Jaime Jiménez Fleitas, alias Red Beard, überrascht auf „Dakota” mit satten Southern Rock-Klängen. Waren die Vorgänger „Nobody’s Gonna Bring Me Down Vol. 1 & 2“ und „All Or‘ Nothing“ vom Country geprägt, schlägt Red Beard nun deutlich rockigere Töne an.

Der Auftakt „A Place to Settle Down“ erinnert stark an Lynyrd Skynrd und gibt die musikalische Marschroute der CD vor. Bei „Hit ‚Em Low, Hit ‚Em Harder“ legt Red Beard tempomäßig eine Schippe drauf. Keys sorgen für einen vollen Sound und unterlegen die hohen Gitarrenläufe. Mit „Don’t Need to Knock on Wood“ und dem druckvollen „Hold On“ folgen weitere zwei erdige Rocksongs, wobei vor allem der letztgenannte Assoziationen zu Sweetkiss Momma hervorruft.

In alle Stücken streut Red Beard kurze Gitarrensoli ein, die unterschiedlich gestaltet sind und sich hervorragend in die jeweiligen Titel einfügen. Er trifft mit den straight gespielten Soli für meinen Geschmack genau das richtige Maß, zumal ich kein Freund von ausufernden Instrumentalpassagen bin.

In der Mitte des Albums schaltet Red Beard einen Gang runter. Die balladesken, mit kräftigem Rhythmus versehenen „Crank It Up“ und „I’m Your Man“ umweht ein angenehmer Southern-Wind.

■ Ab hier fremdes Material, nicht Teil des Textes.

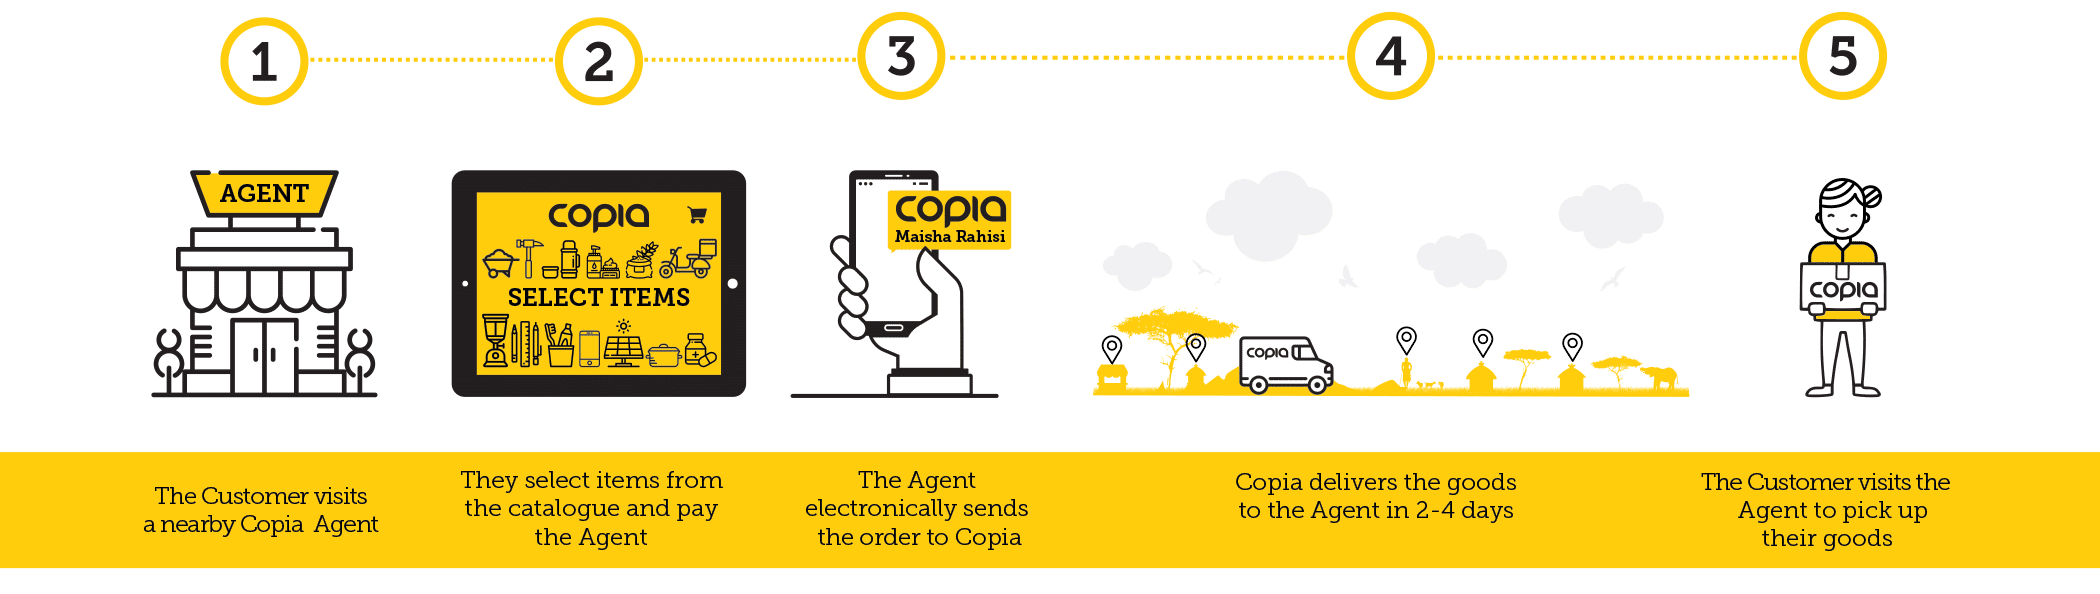 How copia works in Kenya

Trotz der rockigeren Ausrichtung von „Dakota“ stellt das neue Werk keinen Bruch zu den bisherigen Veröffentlichungen von Red Beard dar. Die Orientierung am Country scheint bei „Begging for More“ und noch stärker bei „Nowhere Road“ durch.

Eine etwas dunklere Atmosphäre erzeugt das trotzige „Nobody’s Gonna Bring Me Down“. Zu ihr trägt auch die streckenweise technisch verzerrte Stimme von Jaime Jiménez Fleitas bei. Mit dem starken Titel, ebenso wie mit dem locker rockenden, durch weiblichen Backgroundgesang und Bar-Piano unterstützen „The Devil Showed Up With A Better Deal“, setzt Red Beard am Ende des kurzweiligen Tonträgers nochmal ein Ausrufezeichen.

Die kanarischen Inseln, von denen Jaime Jiménez stammt, fehlten bislang auf meiner Southern Rock-Landkarte. Mit „Dakota“ hat sich das geändert. Red Beard erfindet den Southern Rock vielleicht nicht neu, aber er bereichert ihn durch sein ausgewogenes und durchweg gelungenes Album. Gerade der unverkrampfte Blick auf das Genre und die Tendenz, einen Schwerpunkt auf Rockelemente zu legen, machen die CD besonders hörenswert.

Red Beard startete seine Europatour in Spanien und kommt über Frankreich nach Deutschland. Dort sind im Dezember elf Konzerte geplant. Teenage Head Music promotet die Tour (An dieser Stelle sei Manny gedankt, der die Besprechung ermöglichte.) und daher kommt er auch an einen unserer beliebtesten Veranstaltungsorte. Am 20.12. steht Red Beard in der Krefelder Kulturrampe auf der Bühne.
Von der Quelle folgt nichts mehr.